FORMULATION AND EVALUATION OF A pH DEPENDENT MULTI-PARTICULATE COLON TARGETED DRUG DELIVERY SYSTEM USING POWDER LAYERING TECHNOLOGY OF KETOPROFENHTML Full Text
FORMULATION AND EVALUATION OF A pH DEPENDENT MULTI-PARTICULATE COLON TARGETED DRUG DELIVERY SYSTEM USING POWDER LAYERING TECHNOLOGY OF KETOPROFEN
D. P. Ghosh, A. Mittal *, A. Gaur and J. Sahoo
KIET School of Pharmacy, KIET Group of Institutions, Ghaziabad - 201206, Uttar Pradesh, India.
ABSTRACT: Multiparticulates consist of discrete, small, multiple unit systems of active pharmaceutical ingredients exhibiting the desired drug release pattern. The present work is concerned with the formulation and evaluation of a pH-dependent multiparticulate colon targeted drug delivery system of ketoprofen, a well established anti-inflammatory drug used in the management of inflammatory bowel disease. The reason for carrying out this study was to release the drug at a targeted site of the large intestinal region of the gastrointestinal tract on the basis of pH variability and to improve patient compliance. The drug-loaded pellets were fabricated using powder layering technology and thereafter pH-dependent multiparticulates were prepared by employing a mix polymeric coating of pH-dependent Eudragit S100 and Eudragit L100 polymers over the drug-loaded pellets. Different ratios of these pH-dependent polymers were used in the formulations of the coated drug-loaded pellets. The developed pellets were assessed for technical parameters such as drug entrapment efficiency, in-vitro dissolution study, scanning electron microscopy, FTIR, and DSC study. The in-vitro release kinetics reveals that the optimum formulation batch follows anomalous transport towards zero-order kinetics, which is further confirmed by the Korsmeyer-Peppas model.
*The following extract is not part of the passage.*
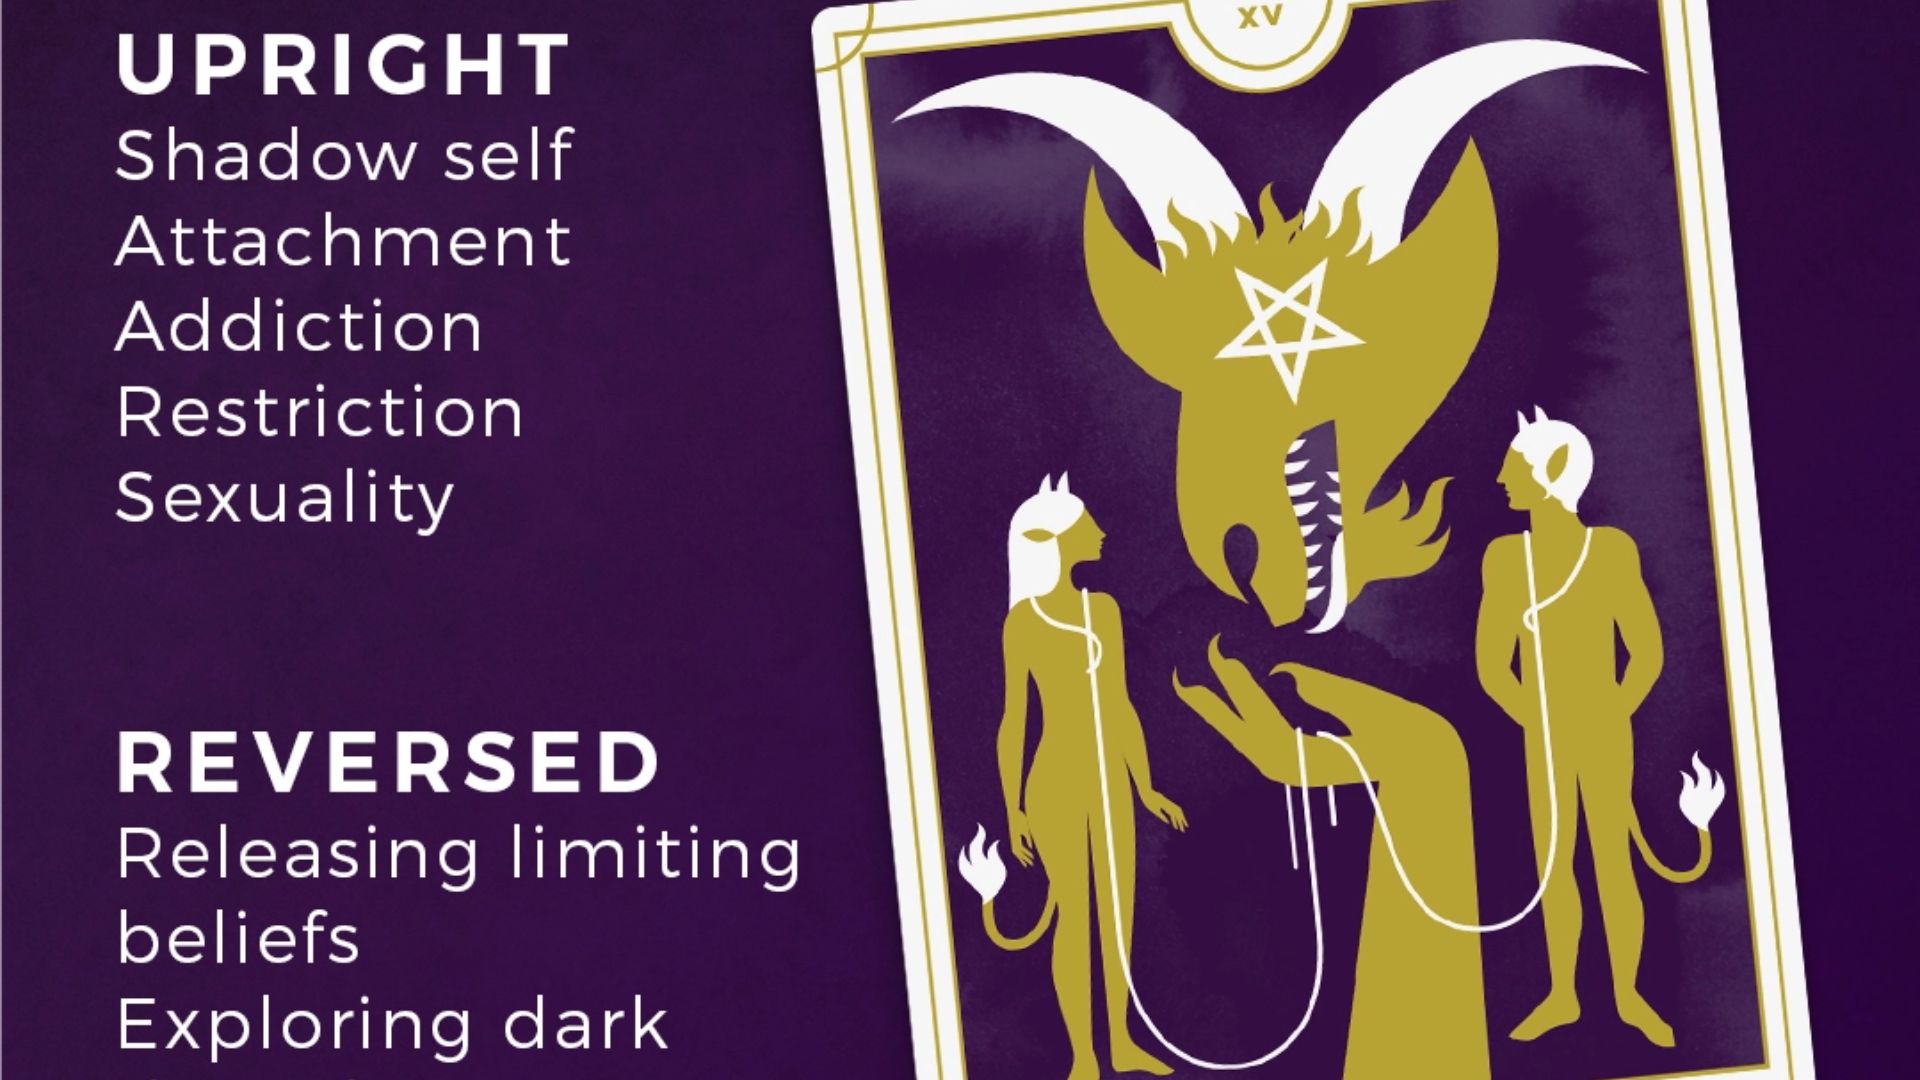 Devil Tarot Card With Description

Ketoprofen, Powder layering technology, Eudragit S100, Eudragit L100
INTRODUCTION: Oral administration of drugs still remains a widely accepted and convenient route for the delivery of various drugs. Continuous developments in polymer technology have enabled formulation technologists to develop pH-dependent multiparticulate drug delivery systems with improved gastric irritation and patient compliance as many of the patients faces the problem of acidity. To overcome this problem, these coated pellets have been prepared to release the drug at a desirable site of the colon 1.
A targeted drug administration into the large intestine is most desirable for the local management and treatment of a wide spectrum of large bowel diseases such as colitis ulcerosa, abdominal pain, inflammatory granulomatous bowel symptoms, colonic infection, colonic cancer, management of colonic pathologies, and systemic targeting of protein and peptide therapeutics 2.
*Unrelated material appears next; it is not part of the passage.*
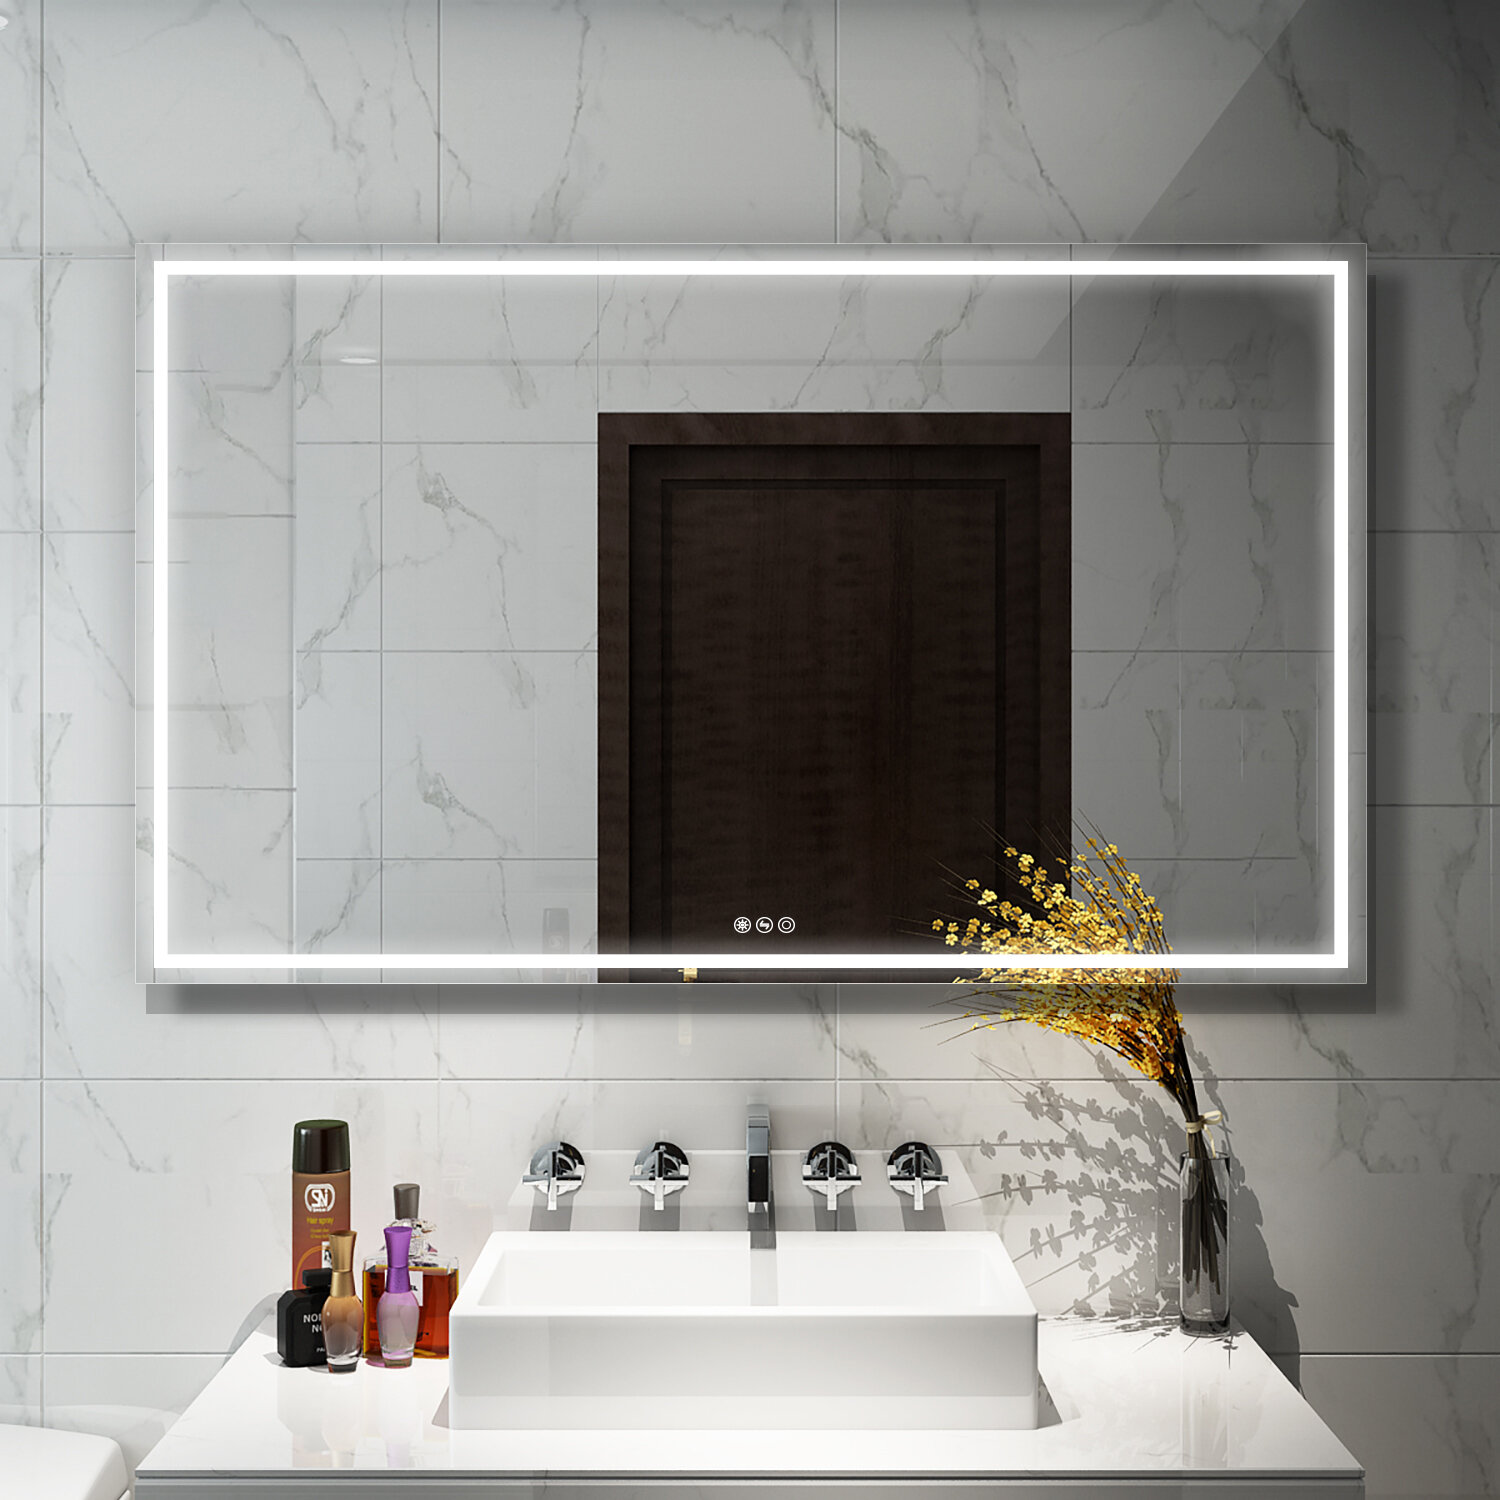 30"x36" LED Illuminated Wall Mount Bathroom Vanity Mirror w/ Motion Touch Sensor

The colon therapeutic system (CTS) should be capable of preserving the drug during its transportation to the large intestine area, drug release and absorption should not occur in the stomach as well as in the small intestine i.e. not only the drug should not break down in either of these two early gastrointestinal sites but, it should also permit the bioactive agent to get released and absorbed once CTS reaches the colon 3.
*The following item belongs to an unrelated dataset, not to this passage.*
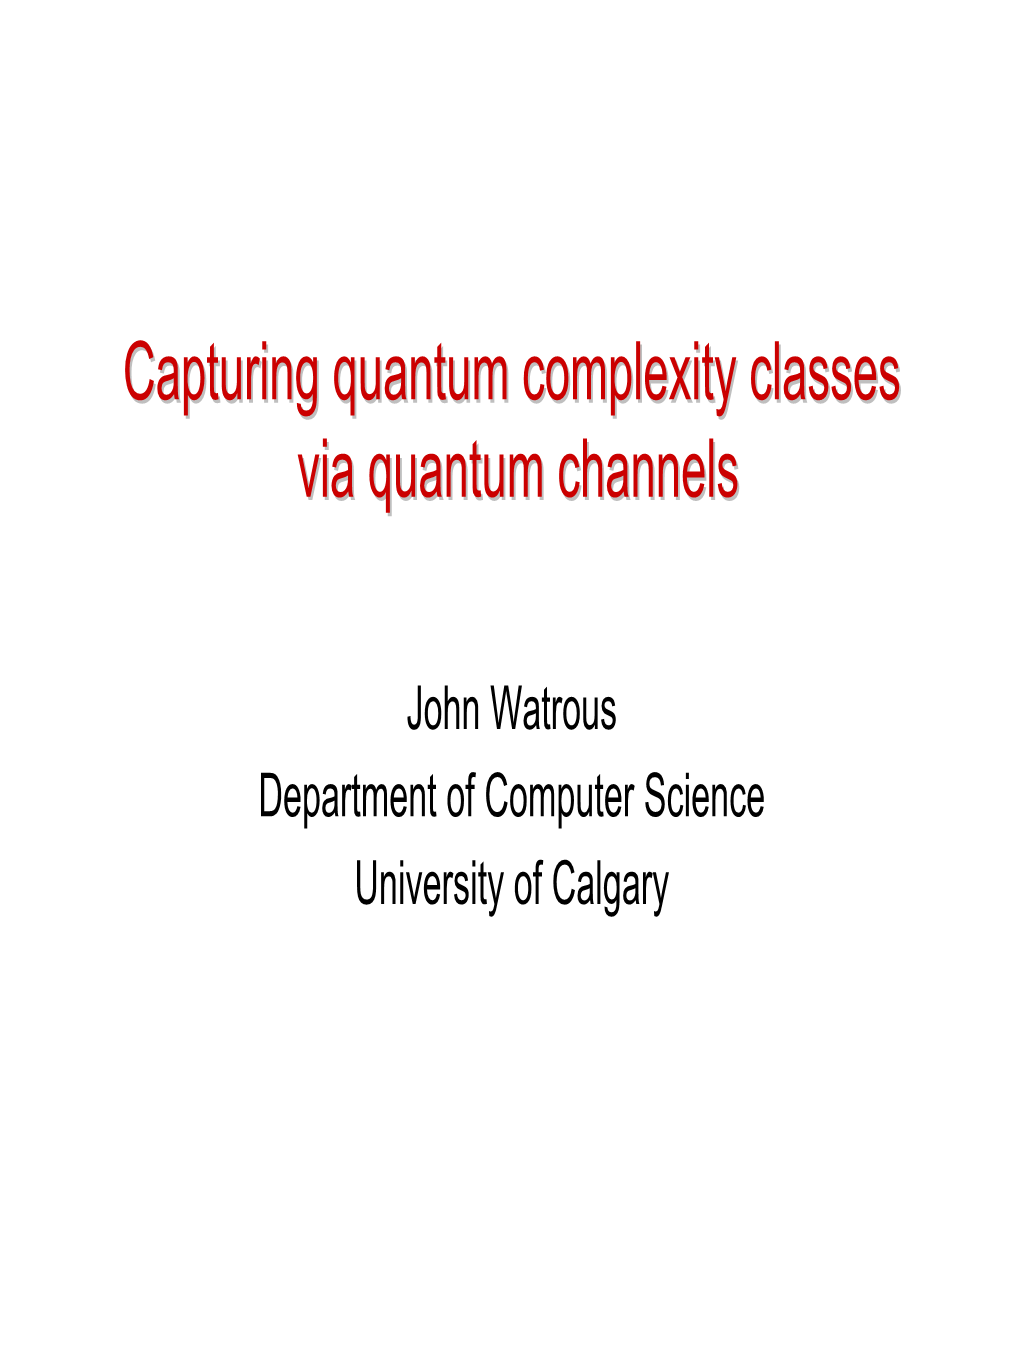 Capturing Quantum Complexity Classes Via Quantum Channels

Multiparticulate subunits are delivered by filling them inside a capsule or sachet. A multiparticulate system consists of a multiplicity of the plurality of a number of small independent spherical particles with a diameter of 0.05-2.00 mm. As multi-particulates comprises of individual active subunits, so they are called multiple unit system 4.
In the powder layering technique, the dry powdered drug is used for layering. This process is usually carried out in a conventional tablet coating pan. Initially, the nonpareil seeds are charged into a rotating pan and these are then wetted by spraying an adhesive binder solution. As the wet seeds reach the front end of the pan, the powdered drug is added in the swirl, which then adheres to the wetted nonpareil seeds 5.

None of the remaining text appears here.